I contacted Dr. Judith Hale, who was managing the CPT certification process for ISPI for help in expanding the study in Georgia to a national study. Within a year we had codified the practices of successful school improvement facilitators and established the first set of 10 Certified School Improvement Specialist (CSIS) standards.

Having been steeped in the CPT standards, I could see the value of the CPT principles and practices for school improvement facilitators who told us consistently that they had no common improvement process model, such as what CPTs share.

Using the CPT standards, Dr. Hale and I engaged high-performing school improvement facilitators in developing courses for educators that wed the "how to do it" the work of facilitation of school improvement with the "what to do," as reflected in the CPT principles and practices.
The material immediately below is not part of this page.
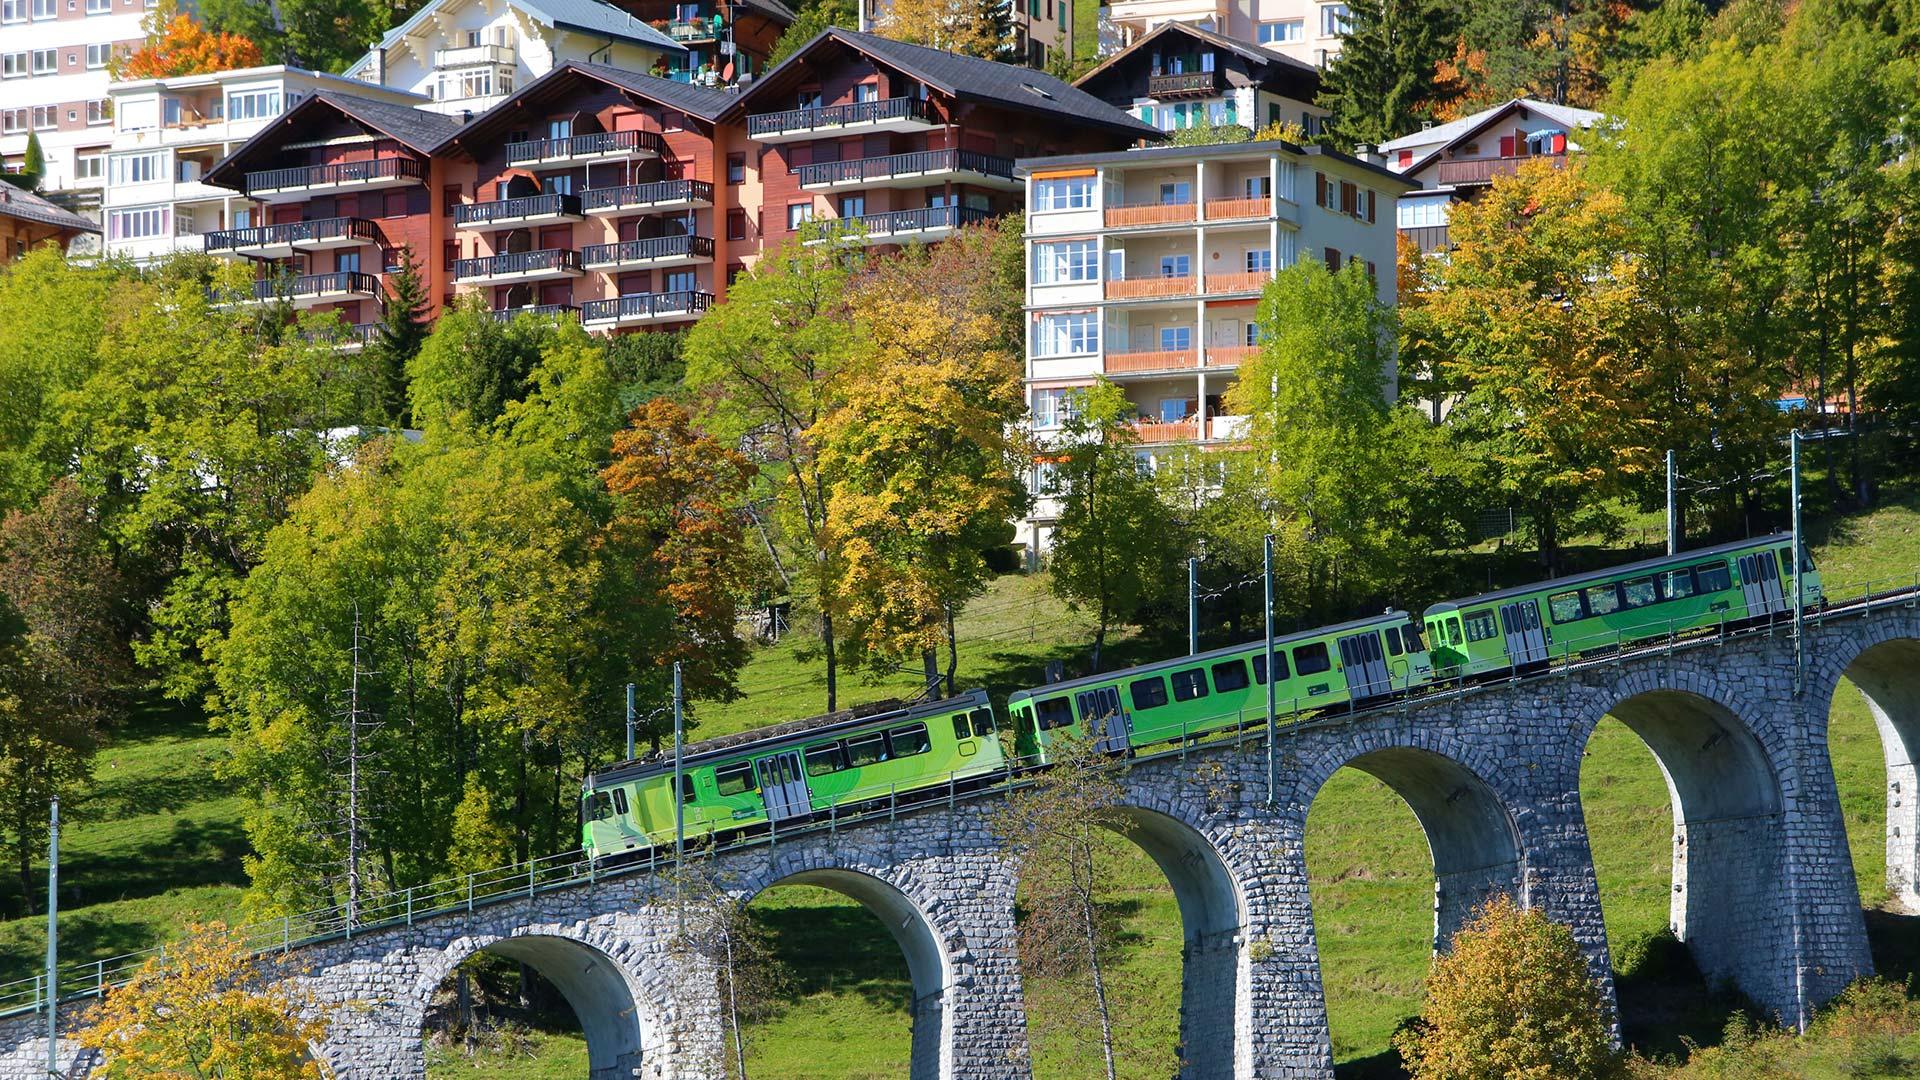 Leysin-Ete-Train-Aigle-Leysin-Maisons

Like the CPT, our system is now an evidence-based certification that state and local education agencies can use to assess the proficiency in practice of those assigned to struggling schools. Within the CSIS beats the heart of the CPT principles, with an emphasis on results, systemic focus, value, partnerships and a systematic approach to improvement:

  1. Analyze and apply critical judgment
  2. Facilitate making meaning and engagement
  3. Focus on systemic factors
  4. Plan and record
  5. Organize and manage efforts
  6. Guide and focus collaborative improvement
  7. Build capacity
  8. Demonstrate organizational sensitivity
  9. Monitor accountability and adoption
  10. Implement for sustainability

As school districts, state education agencies and schools work to find and implement the best solutions for their contexts under the new ESSA requirements, the CSIS standards and training are now an action vehicle for bringing human performance improvement into the language and practices of K-12 education in the U.S, while honoring the standards of practice of effective improvement facilitators.

Educators now have the training and tools to apply to solving the ill-structured problems that challenge struggling schools.